Но, слава богу, побывав на нашем спектакле, Виктор – технарь, инженер талантливый, далекий от театра человек, - думаю, немножко изменил свое мнение. То, что он мне сказал после спектакля, не буду передавать – слишком много матерных слов. Но хорошо было сказано.

Кстати, большое ему спасибо. Без него ничего этого бы не произошло. Потому что несмотря на весь свой скептицизм, непонимание где-то, он мне оказывал поддержку, подставлял плечо.

А стационар – это действительно было серьезно. И трудно. Доходило до проблем со здоровьем. До предынсультных состояний. Но это нормально. Знаешь, как говорят? Кто-то платит за искусство жизнью, а кто-то искусством на жизнь зарабатывает. И надо опять отдать должное Резниковичу, его школа – это те люди, которые идут до конца и действительно платят за искусство собственным здоровьем. Это не предприниматели от искусства.

Читайте: Амина Окуева: на Майдане я поняла, что украинский менталитет намного ближе к чеченскому, чем к русскому

- Что же такого сложного в режиссуре, что забрало у тебя так много сил?

- Это одна из самых сложных специальностей.
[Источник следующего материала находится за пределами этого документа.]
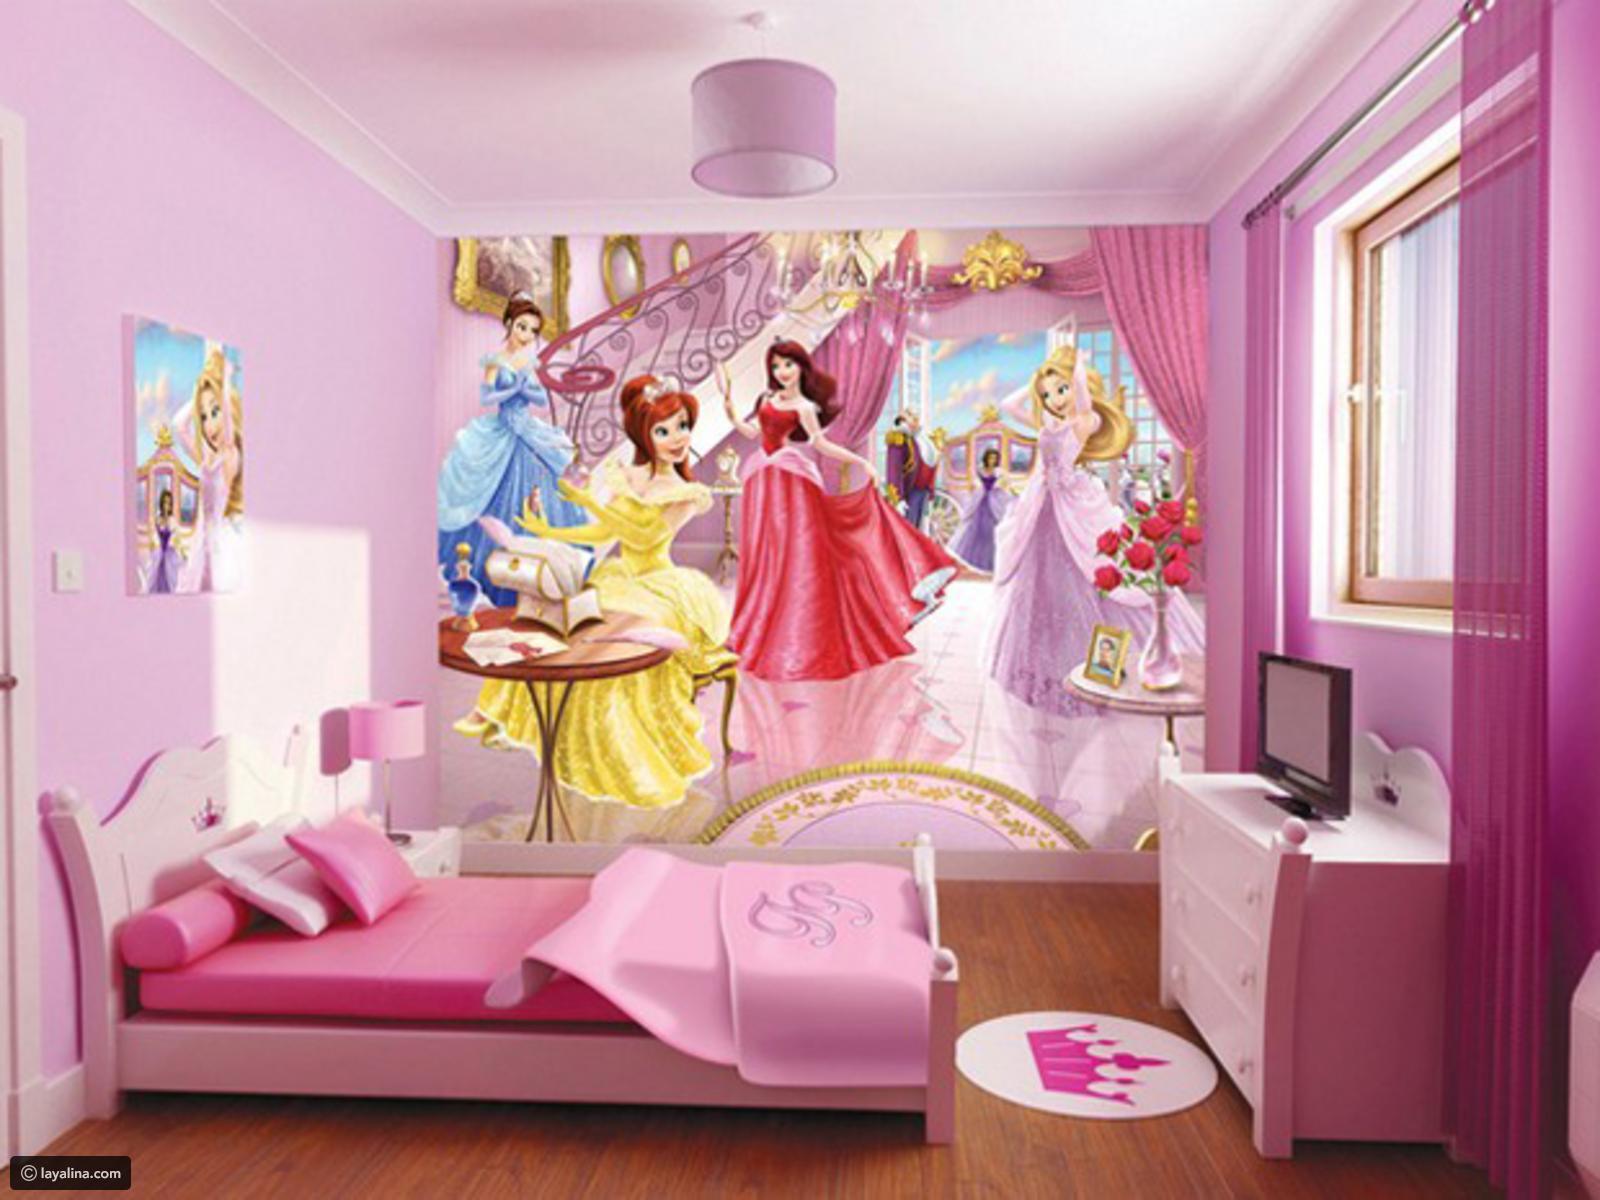 صورة اشكال غرف نوم اطفال , غرف نوم اطفال ولا اروع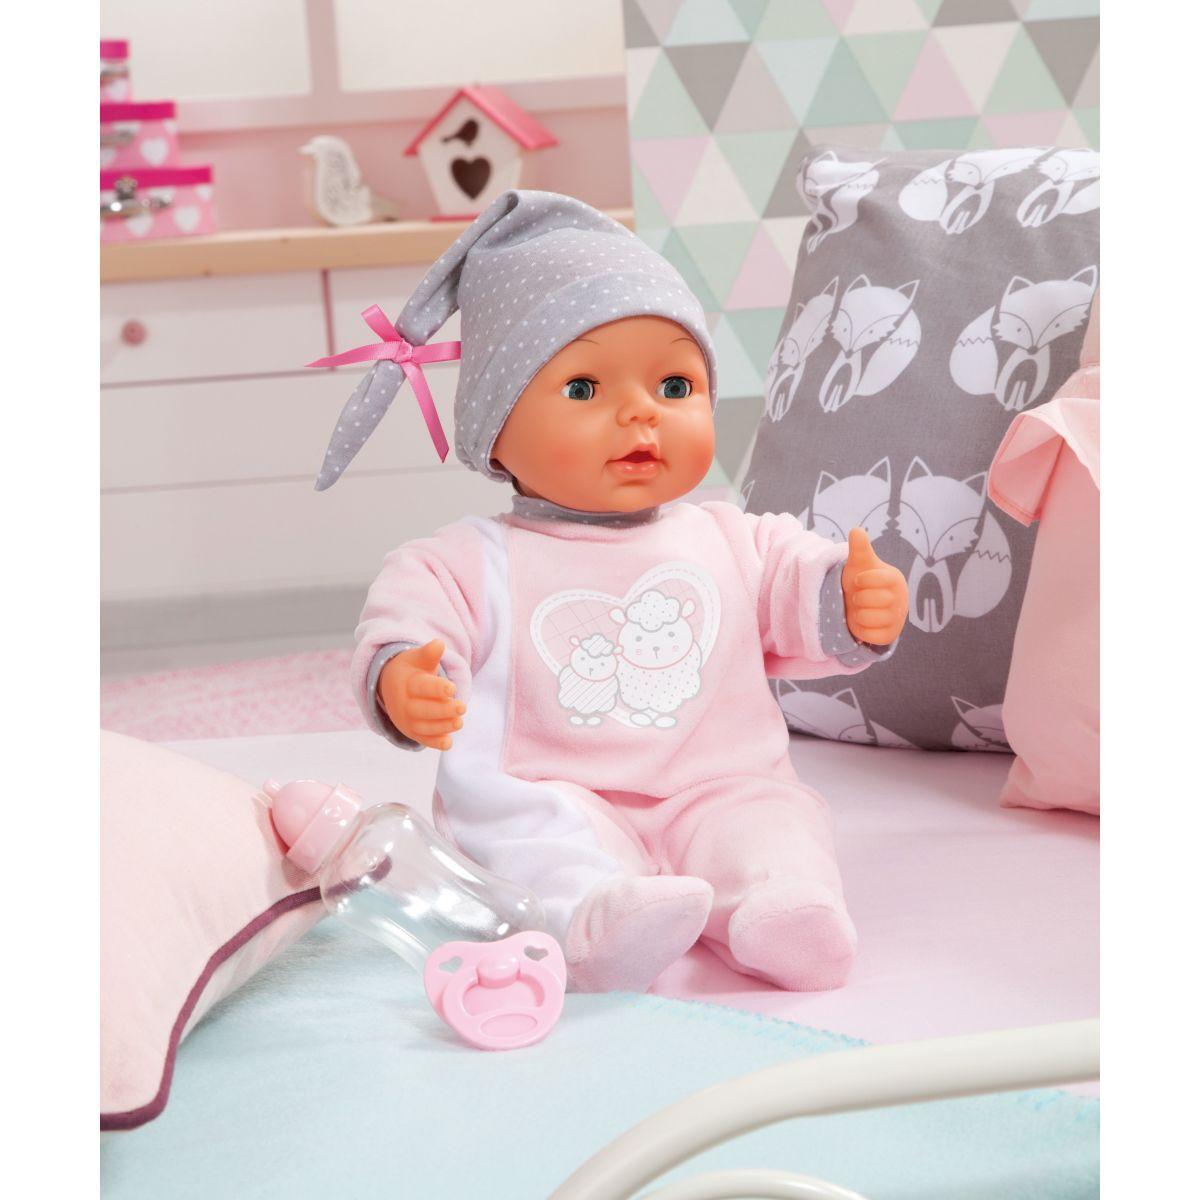 cadeau meisje 6 jaar, poppen speelgoed, baby pop, meisjesspeelgoed

Она подразумевает совмещение несовместимых вещей. Лед и пламя. С одной стороны – эмоционально-чувственная составляющая, пламя страстности проживания. С другой – осознание, взгляд со стороны на то, что ты в действительности чувствуешь, что происходит на самом деле.

И это сложно. Потому что у нас обычно выбирают или одно, или второе. Или "сухари" тебе рассказывают, как оно есть. Или актеры, которые взрываются, фейерверки такие. Но смысла тоже в том мало.

А вот режиссер в школе Товстоногова, чьим воспитанником в определенном поколении являюсь я и мои одногруппники, подразумевает совмещение этих вещей. И рацио, отстранение, соображение, что есть в действительности. И при этом – страстное погружение в чувственный ряд, в судьбы героев. И баланс этих двух начал – это действительно непросто. Если делать это по-честному. До конца.

- Ты упомянул Майдан. Что он значил для тебя?

- Поначалу, честно говоря, я воспринял его неоднозначно. В 2004-м году мы активно участвовали в первом Майдане, ездили наблюдателями от Ющенко в Харьковскую область. Тоже масса историй была… Но потом пришло осознание: мы проср*ли полученный шанс. Не Ющенко проср*л – мы проср*ли. Из-за своей инфантильности, несознательности, черт знает чего еще…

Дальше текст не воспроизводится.